If you need to create a database for a genome not covered by gdb_create_genome, or if you want to build from the latest UCSC files directly, you can use pm.gdb_create() with local FASTA files.

The general workflow is:

  1. Download chromosome FASTA files from UCSC
  2. Call pm.gdb_create() with the paths to those files
  3. Initialize the database with pm.gdb_init()

FTP vs HTTPS

UCSC provides genome data via both FTP and HTTPS. The examples below use HTTPS URLs (https://hgdownload.soe.ucsc.edu/...), which work in most environments without requiring an FTP client.

Downloading Chromosome Files

You can download chromosome FASTA files using Python directly, or with command-line tools like wget or curl.

import urllib.request
from pathlib import Path

genome = "hg38"
base_url = f"https://hgdownload.soe.ucsc.edu/goldenPath/{genome}/chromosomes"
chroms = [f"chr{c}" for c in list(range(1, 23)) + ["X", "Y", "M"]]

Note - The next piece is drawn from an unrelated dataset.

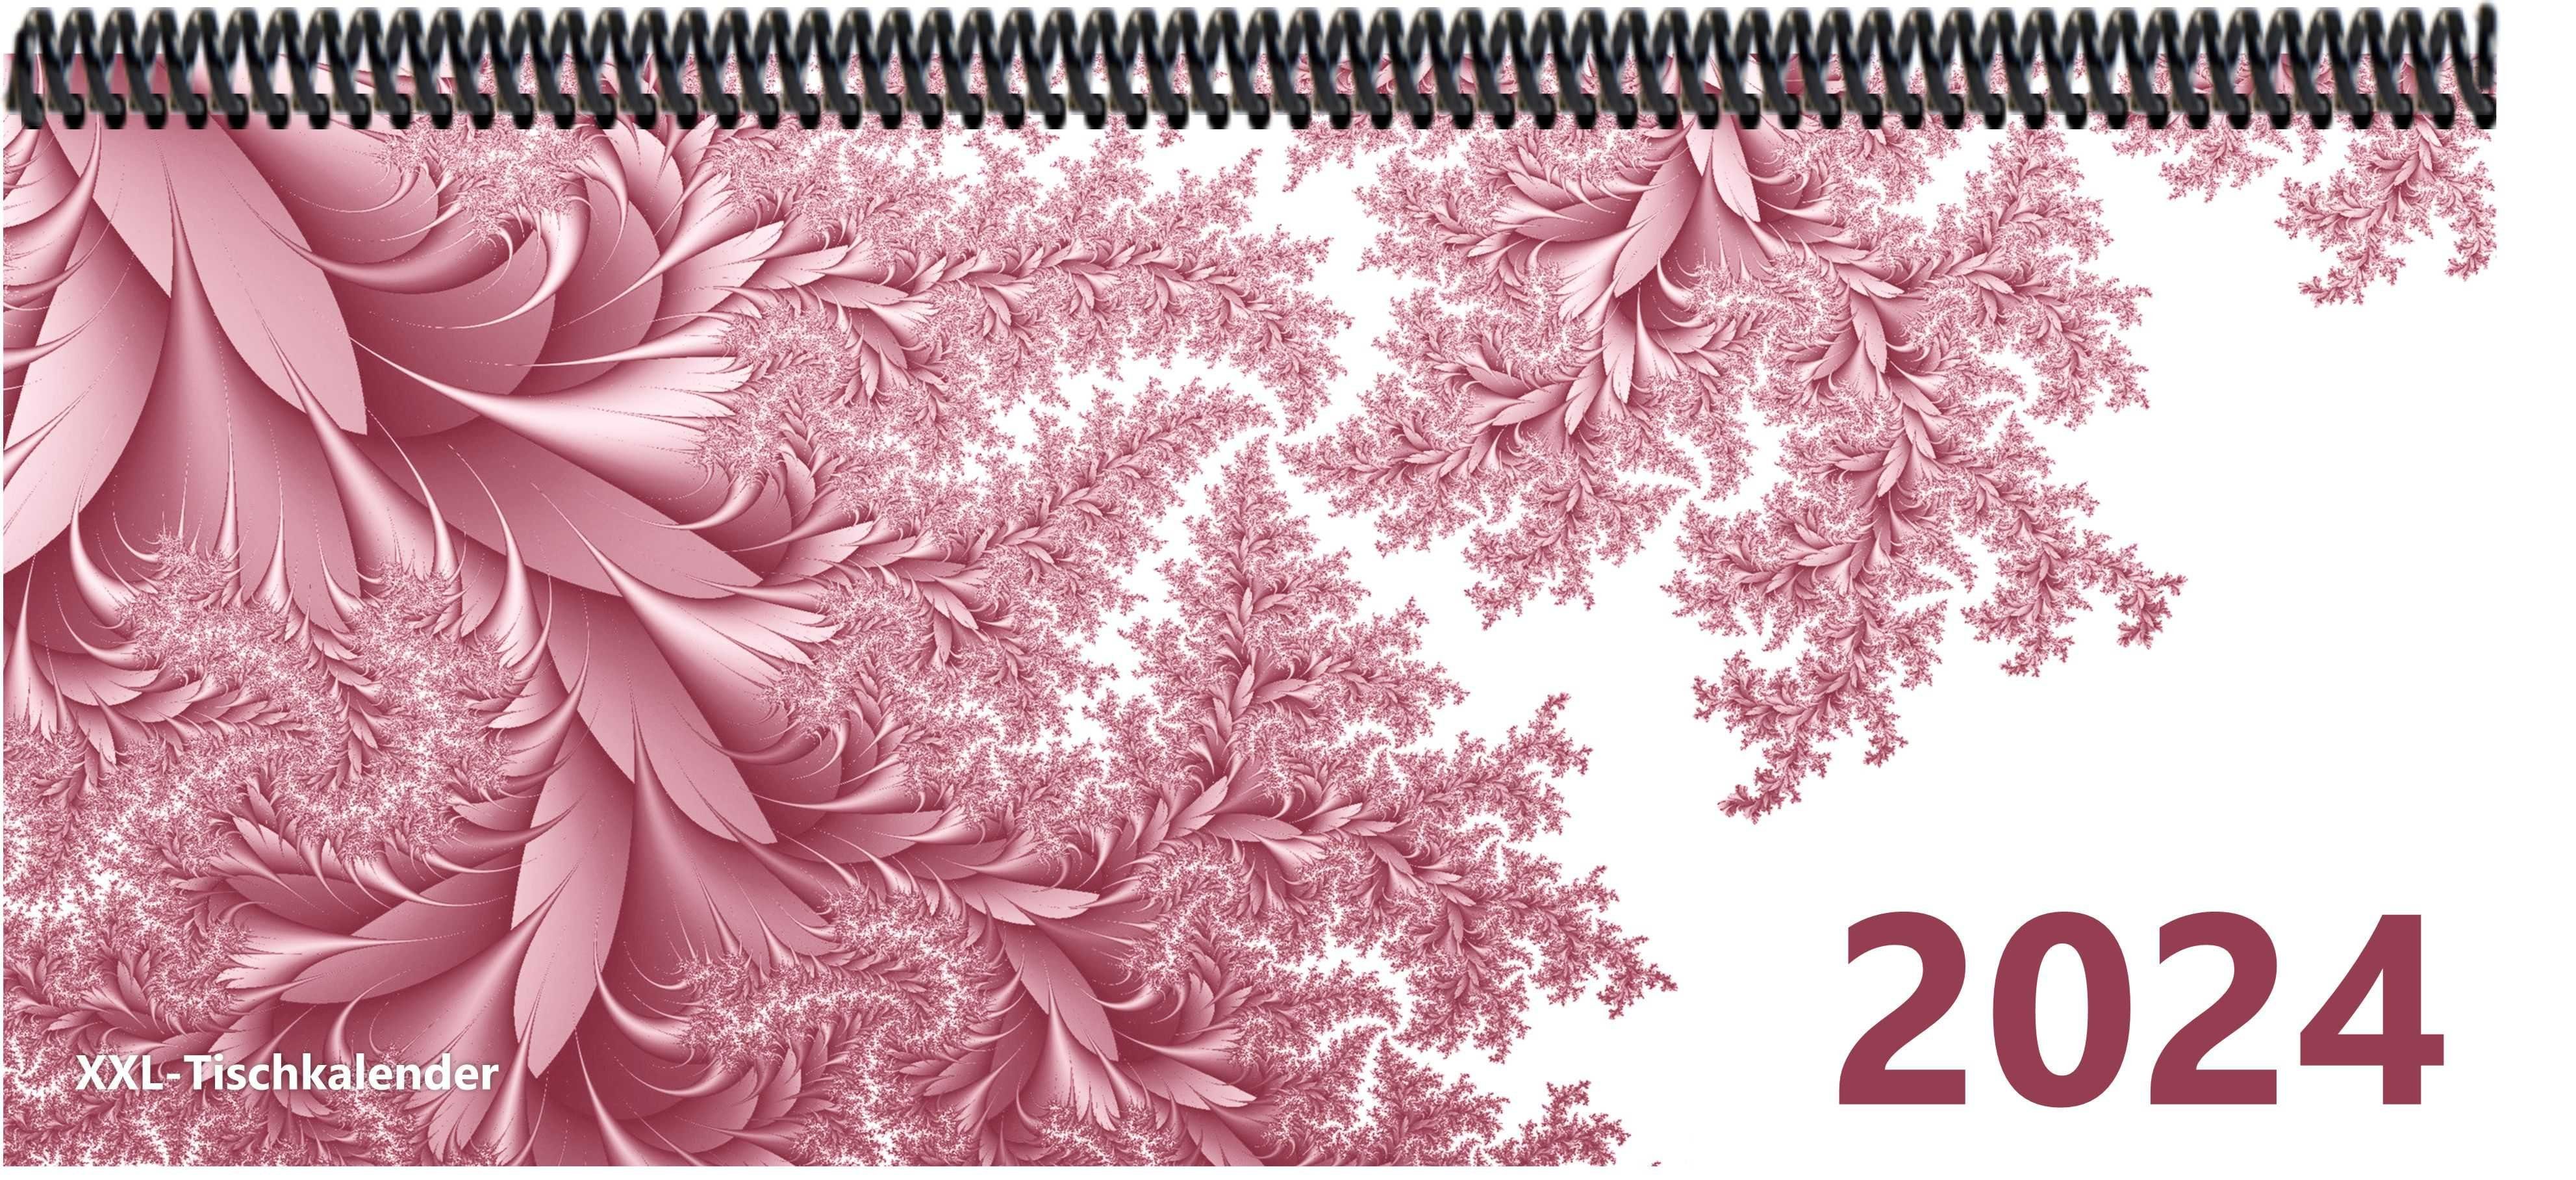 E&Z Verlag Gmbh Schreibtischkalender Bunt - Kalender XXL 2024 mit dem Muster Blätter rosa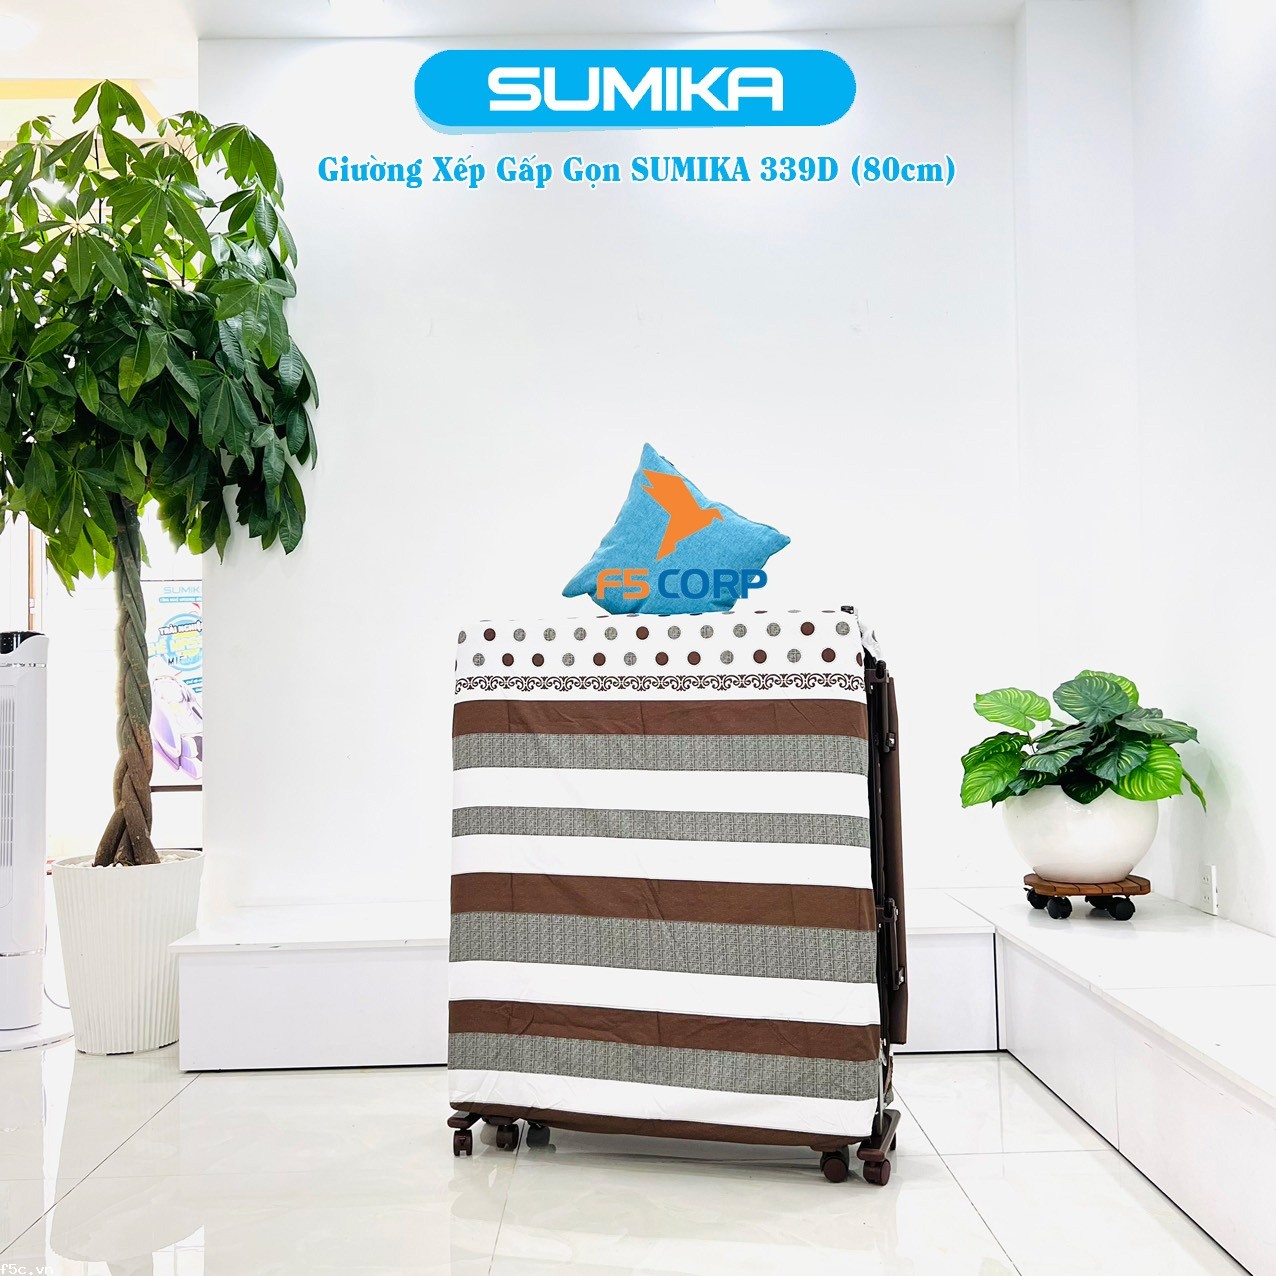 Giường nệm xếp gọn đa năng kiểu dáng Hàn Quốc SUMIKA 339D, rộng 80cm

download_dir = Path(f"{genome}_fasta")
download_dir.mkdir(exist_ok=True)

for chrom in chroms:
    url = f"{base_url}/{chrom}.fa.gz"
    dest = download_dir / f"{chrom}.fa.gz"
    if not dest.exists():
        print(f"Downloading {chrom}...")
        urllib.request.urlretrieve(url, dest)
GENOME=hg38
BASE=https://hgdownload.soe.ucsc.edu/goldenPath/${GENOME}/chromosomes
mkdir -p ${GENOME}_fasta
for CHR in $(seq 1 22) X Y M; do
    wget -P ${GENOME}_fasta ${BASE}/chr${CHR}.fa.gz
done
GENOME=hg38
BASE=https://hgdownload.soe.ucsc.edu/goldenPath/${GENOME}/chromosomes
mkdir -p ${GENOME}_fasta
for CHR in $(seq 1 22) X Y M; do
    curl -o ${GENOME}_fasta/chr${CHR}.fa.gz ${BASE}/chr${CHR}.fa.gz
done

Building the Database

Once the FASTA files are downloaded, create the database:

import pymisha as pm
from pathlib import Path

genome = "hg38"
download_dir = Path(f"{genome}_fasta")

# Collect all chromosome FASTA files
chroms = [f"chr{c}" for c in list(range(1, 23)) + ["X", "Y", "M"]]
fasta_files = [str(download_dir / f"{chrom}.fa.gz") for chrom in chroms]

# Create the database
pm.gdb_create(genome, fasta_files, verbose=True)

# Initialize
pm.gdb_init(genome)

Database format

By default, gdb_create uses the "indexed" format, which stores all sequences in a single genome.seq file with an accompanying genome.idx index. This is the recommended format. You can also use db_format="per-chromosome" to store one .seq file per contig, which can then be converted later with pm.gdb_convert_to_indexed().


Genome-Specific Examples

Below are complete examples for each supported genome. The chromosome lists differ between human (1-22, X, Y, M) and mouse (1-19, X, Y, M).

hg19 (Human, GRCh37)

import pymisha as pm
from pathlib import Path

base_url = "https://hgdownload.soe.ucsc.edu/goldenPath/hg19/chromosomes"
chroms = [f"chr{c}" for c in list(range(1, 23)) + ["X", "Y", "M"]]
fasta_files = [f"{base_url}/{chrom}.fa.gz" for chrom in chroms]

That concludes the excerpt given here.